What is needed => Because the copy must hold no pictures, return the data below with all of its words intact.

Given information =>
BEGIN

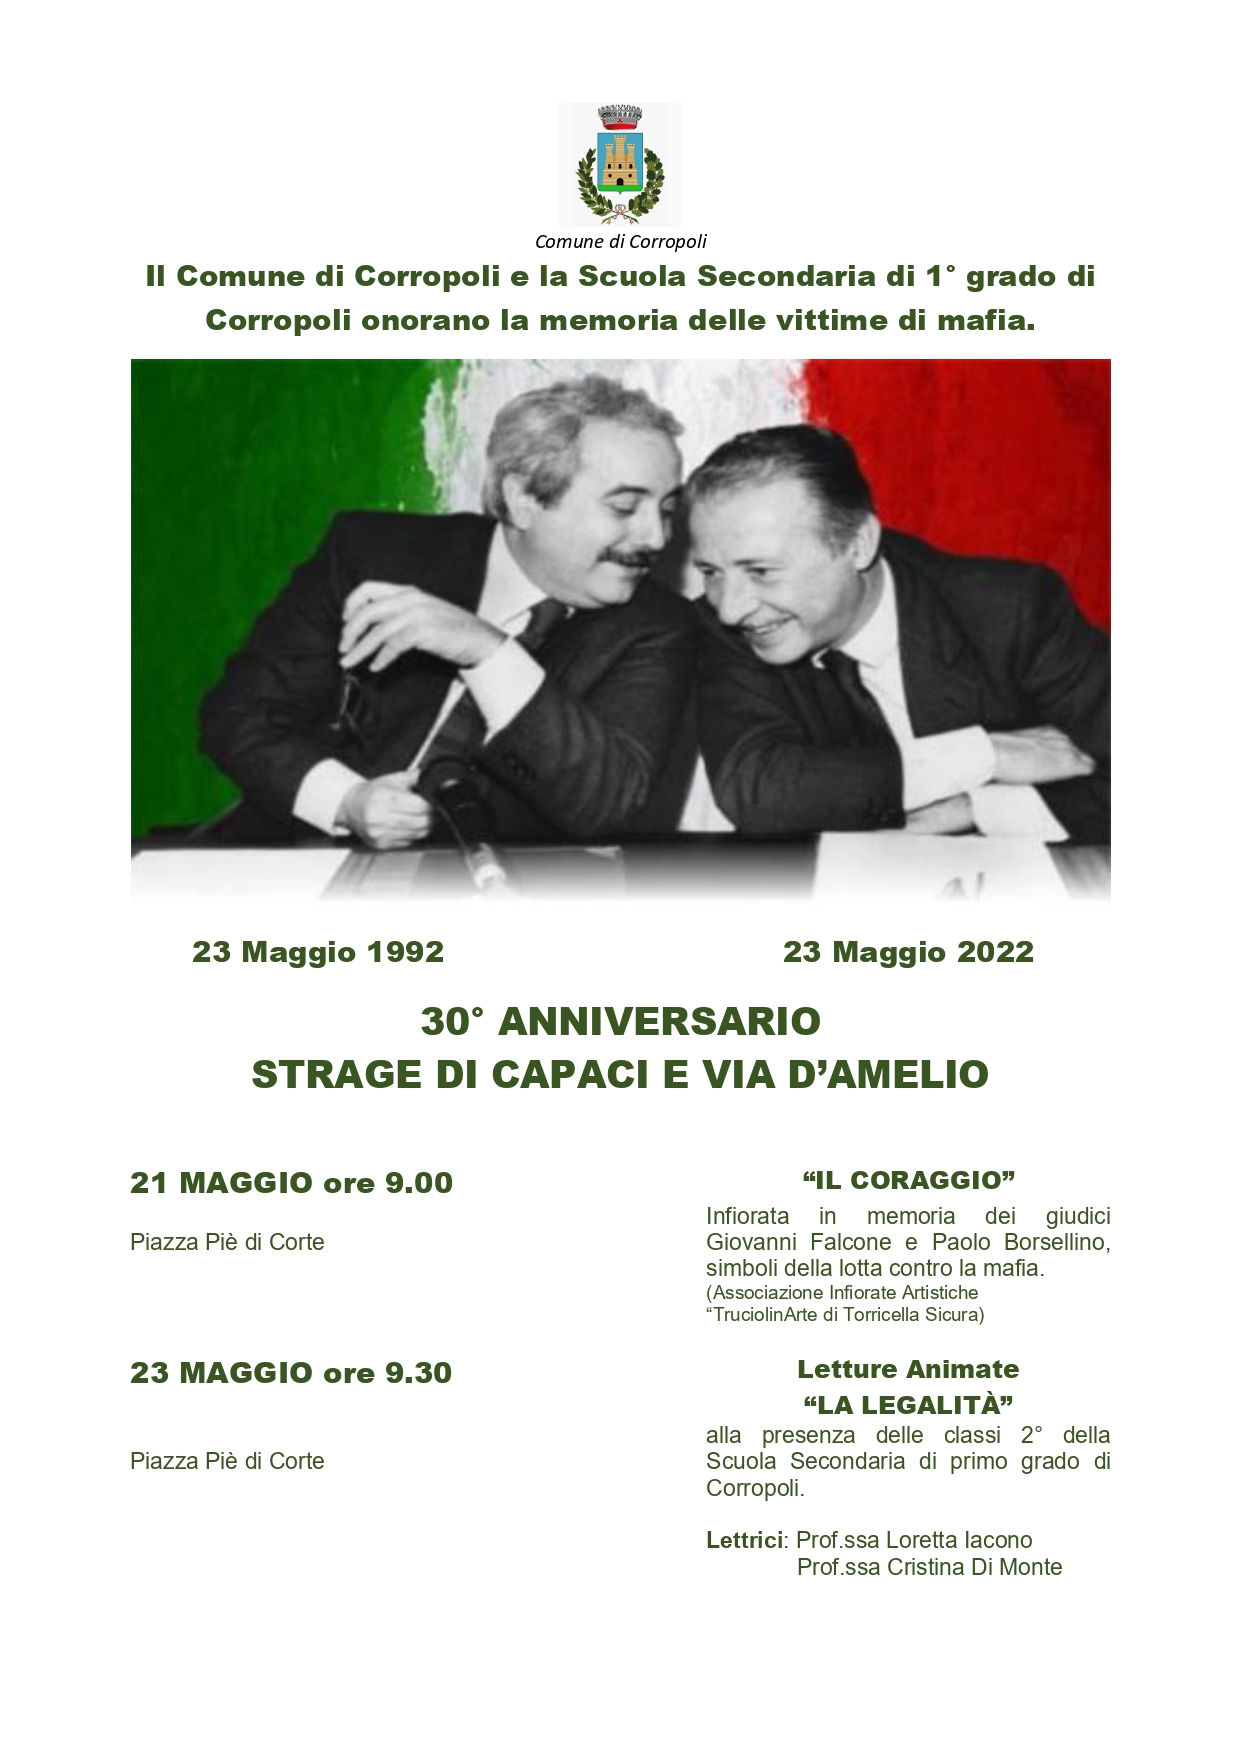 Il Comune di Corropoli e la Scuola Secondaria di 1° grado di Corropoli onorano la memoria delle vittime di mafia.
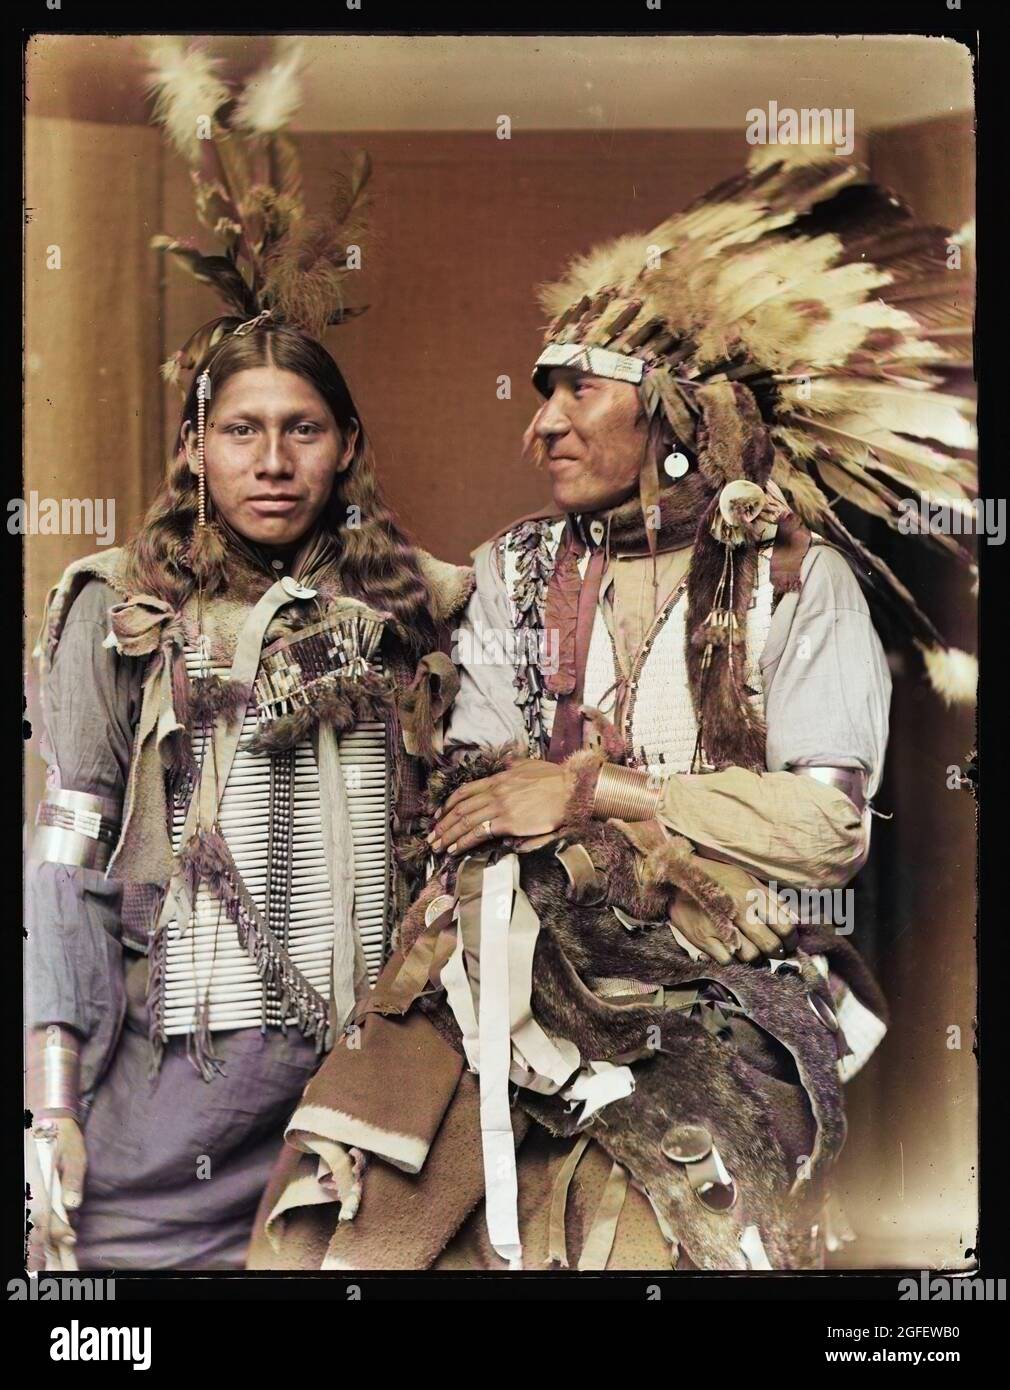 Heilige Fro- Links und große Rüben, indianer/Indianer. Wahrscheinlich Mitglieder der Buffalo Bill's Wild West Show. C 1900. Koloriertes Foto. Stockfoto
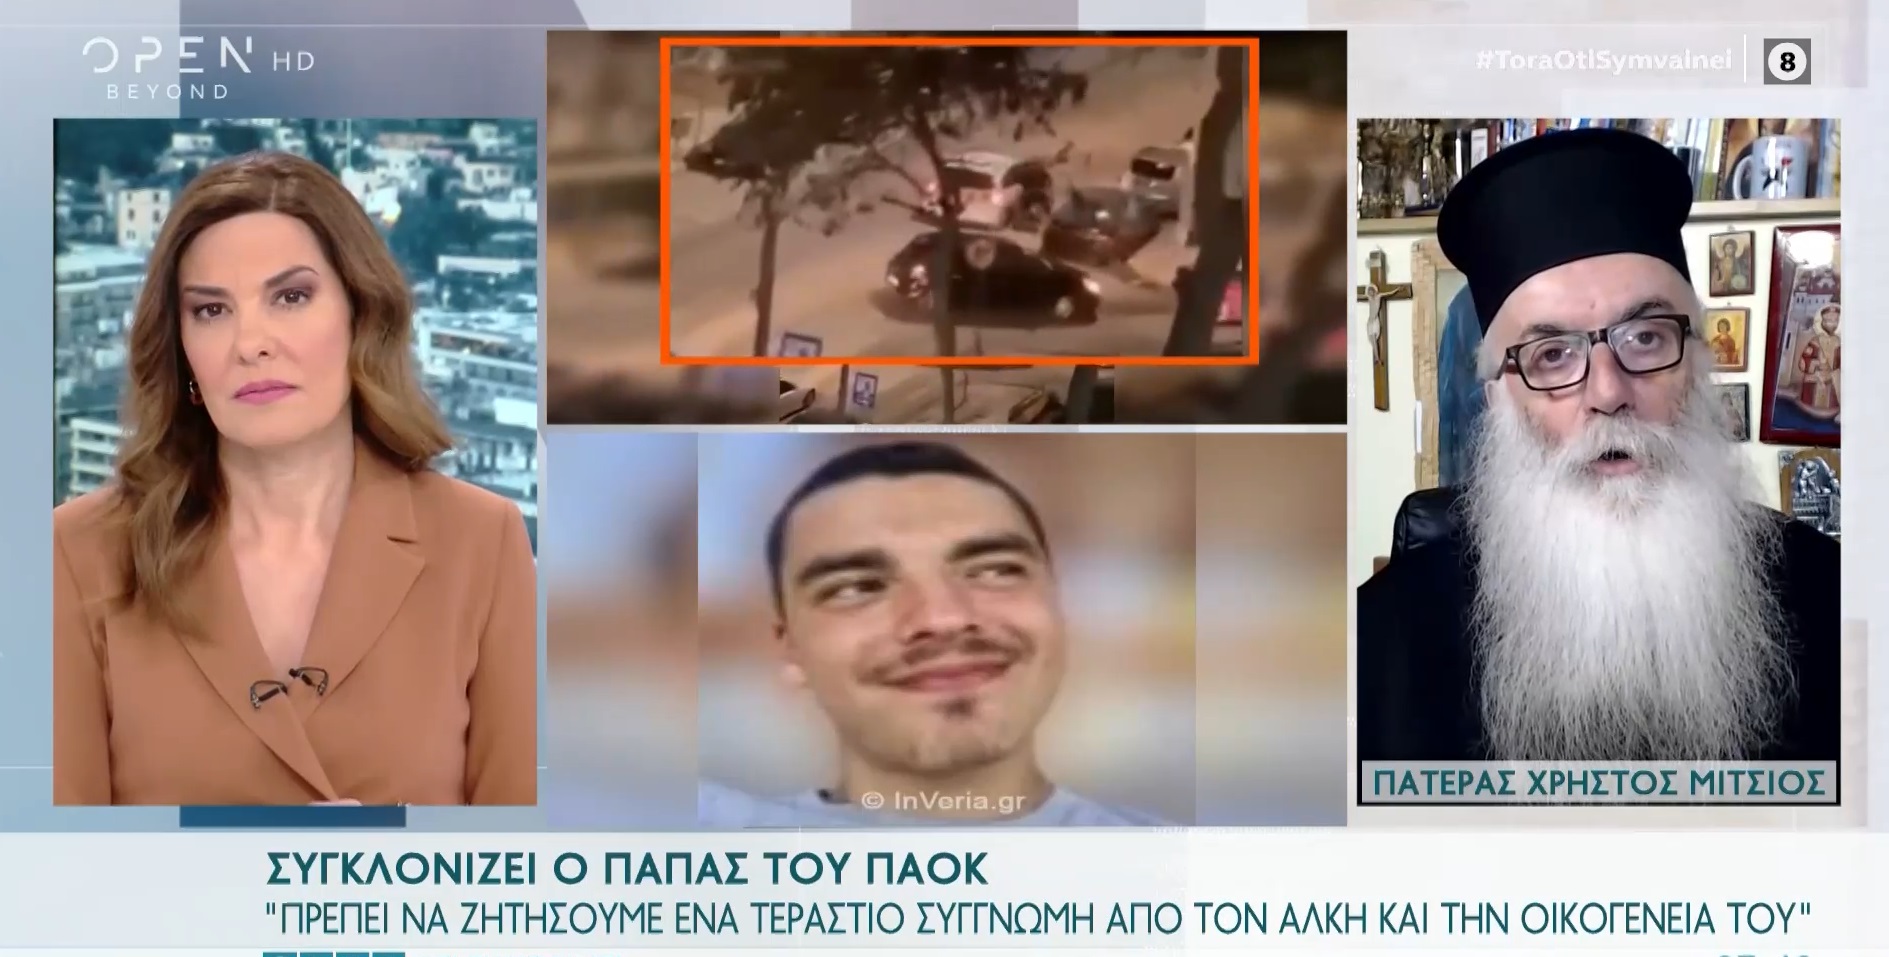 Δολοφονία 19χρονου στη Θεσσαλονίκη: «Εξομολογούνται παιδιά που συμμετείχαν σε ραντεβού θανάτου» λέει ο «παπα-ΠΑΟΚ»(βίντεο)

END

Task output =>
 Il Comune di Corropoli e la Scuola Secondaria di 1° grado di Corropoli onorano la memoria delle vittime di mafia.
 Heilige Fro- Links und große Rüben, indianer/Indianer. Wahrscheinlich Mitglieder der Buffalo Bill's Wild West Show. C 1900. Koloriertes Foto. Stockfoto
 Δολοφονία 19χρονου στη Θεσσαλονίκη: «Εξομολογούνται παιδιά που συμμετείχαν σε ραντεβού θανάτου» λέει ο «παπα-ΠΑΟΚ»(βίντεο)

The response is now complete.